Une caractéristique qui forcera ses rivaux sprinters à s'adapter et à travailler pour passer en tête les bosses. Être un sprinter exclusif, c'est bien sur les grands tours mais, pour les classiques, c'est un peu court. Ainsi, lors des succès en 2000 et 2001, la crème du sprint se mesurera à l'Allemand sur la Via Roma. Fabio Baldato, Oscar Freire, Roman Vainsteins et bien entendu Cipollini : tous vont passer à la moulinette de Zabel.
Si Eddy Merckx est le recordman de victoires avec 7 succès, Erik Zabel est passé à deux mètres d'un exploit monumental. Car comme précisé auparavant, il a raflé quatre triomphes en cinq ans. Et le cinquième lui a échappé de justesse. Et lui échappera encore.
1999 et 2004, les félûres
Intouchable, Erik Zabel remportera même le sprint sur Milan-San Remo en 1999. Problème, il y avait quelqu'un devant. Un certain Andreï Tchmil, qui, alors que tous les attaquants du Poggio et de la descente avaient été repris, a tenté le rêve de tout finisseur : le coup du kilomètre. Sauf que lui l'a réussi.
Ainsi, le rêve de triplé d'Erik Zabel a pris fin d'extrême justesse. Ce qui aurait été un immense exploit. En effet, personne, pas même le grand Eddy Merckx, n'a remporté trois fois d'affilée la Primavera.

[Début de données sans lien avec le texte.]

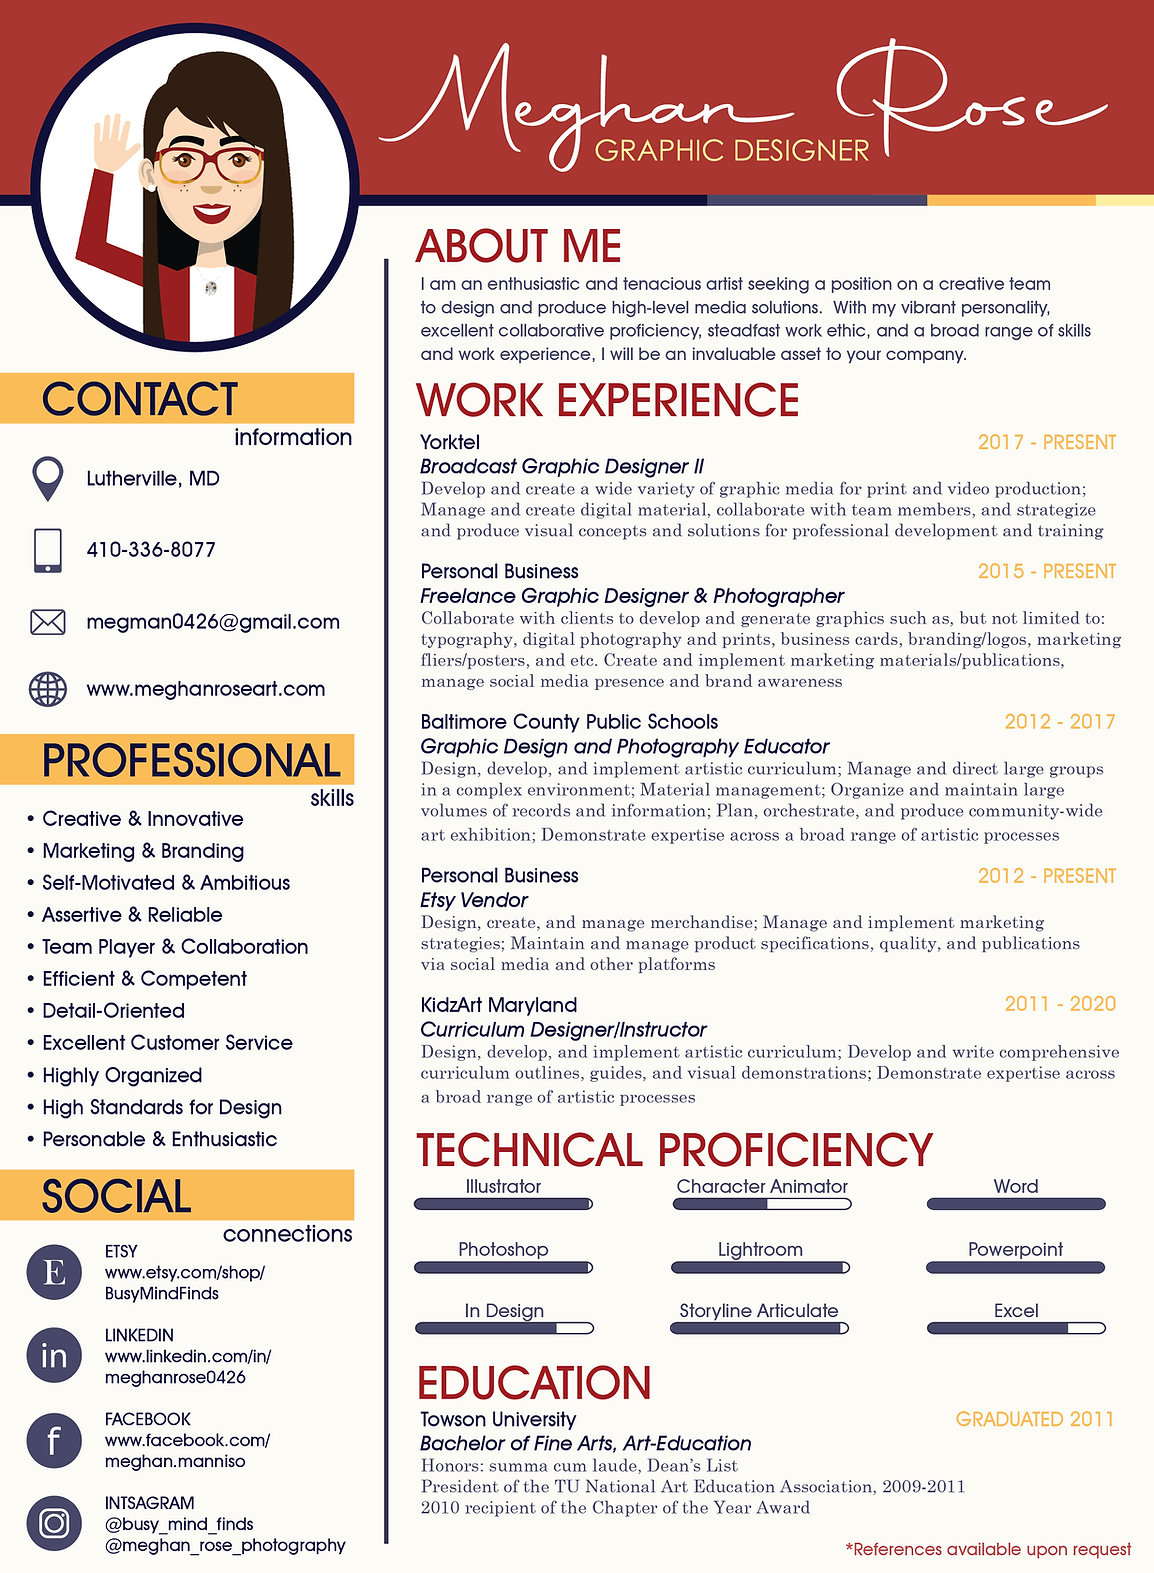 MeghanRose_Creative_Resume2021-03.jpg
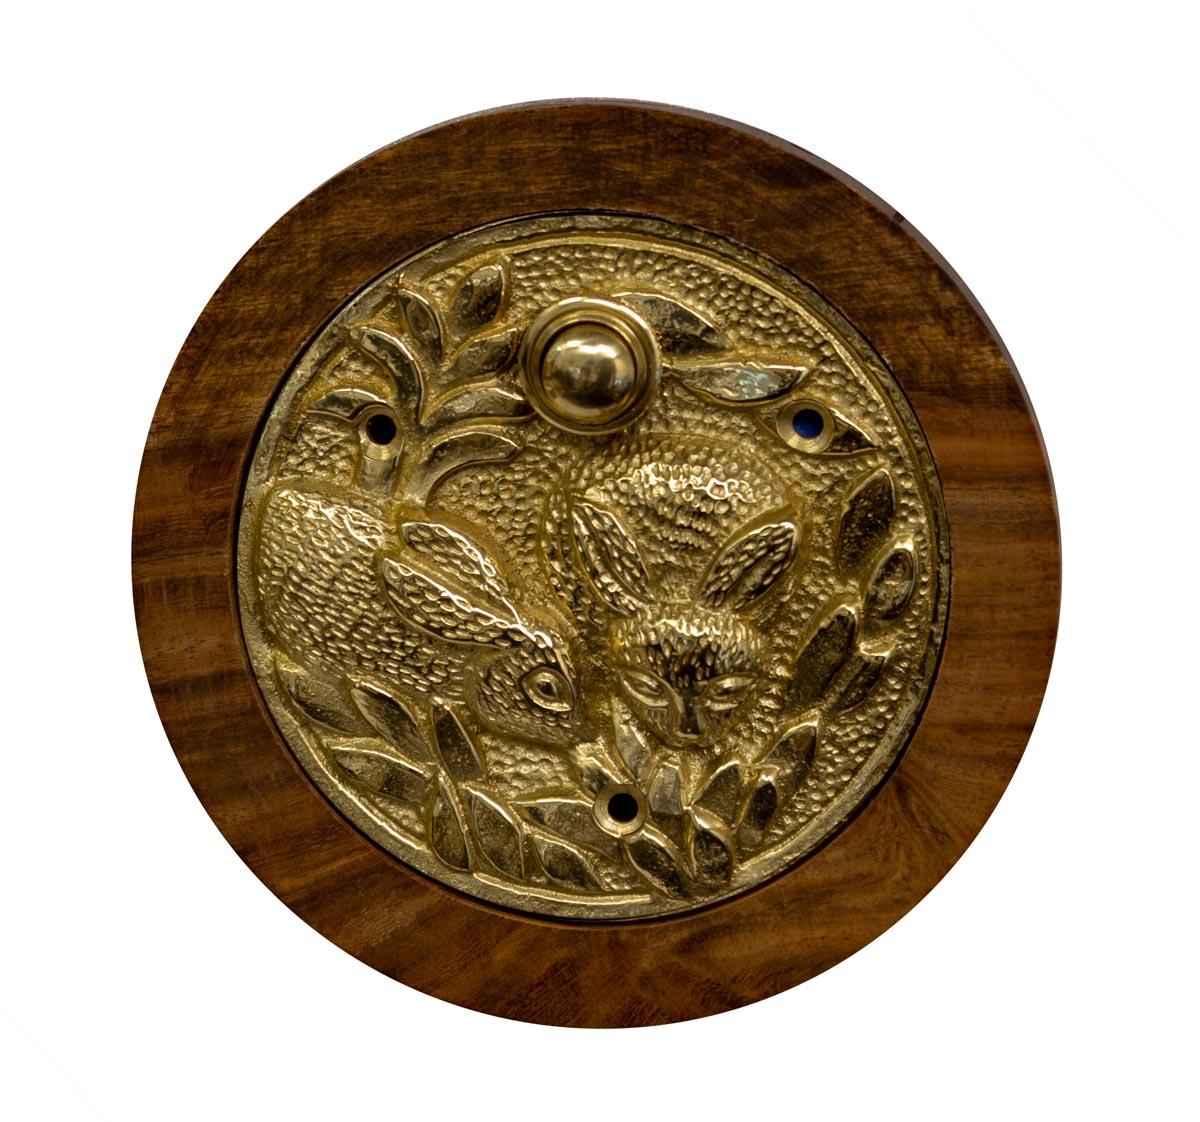 Large Round Decorative Doorbell

La trace de Zabel dans l'histoire aurait donc pu être infiniment plus grande sans ces quelques mètres.
2002 et 2003 seront des années en dedans. Mais en 2004, Zabel est de retour et son équipe aussi. La course est contrôlée, les attaquants du Poggio repris, tout allait pour le mieux. Lancé impeccablement par son équipe, l'Allemand déboule sur la Via Roma et lève les bras.
Problème, il les a levés trop tôt. Et Oscar Freire triomphe enfin sur Milan San Remo, récompensé pour avoir jeté véritablement son vélo sur la ligne. Une des principales tâches dans la carrière de Zabel. Indélébile.
Mais quoi qu'il en soit, Erik Zabel a montré le chemin. Après des années de domination des punchers, il a remis les sprinters sur le devant de la scène sur les monuments. Et plus les grands noms viennent sur ce genre de courses, plus la concurrence est féroce. Aujourd'hui, Milan - San Remo est redevenu l'apanage de coureurs complets, explosifs et rapides au sprint. Mais aucun ne semble en mesure de rééditer une telle domination.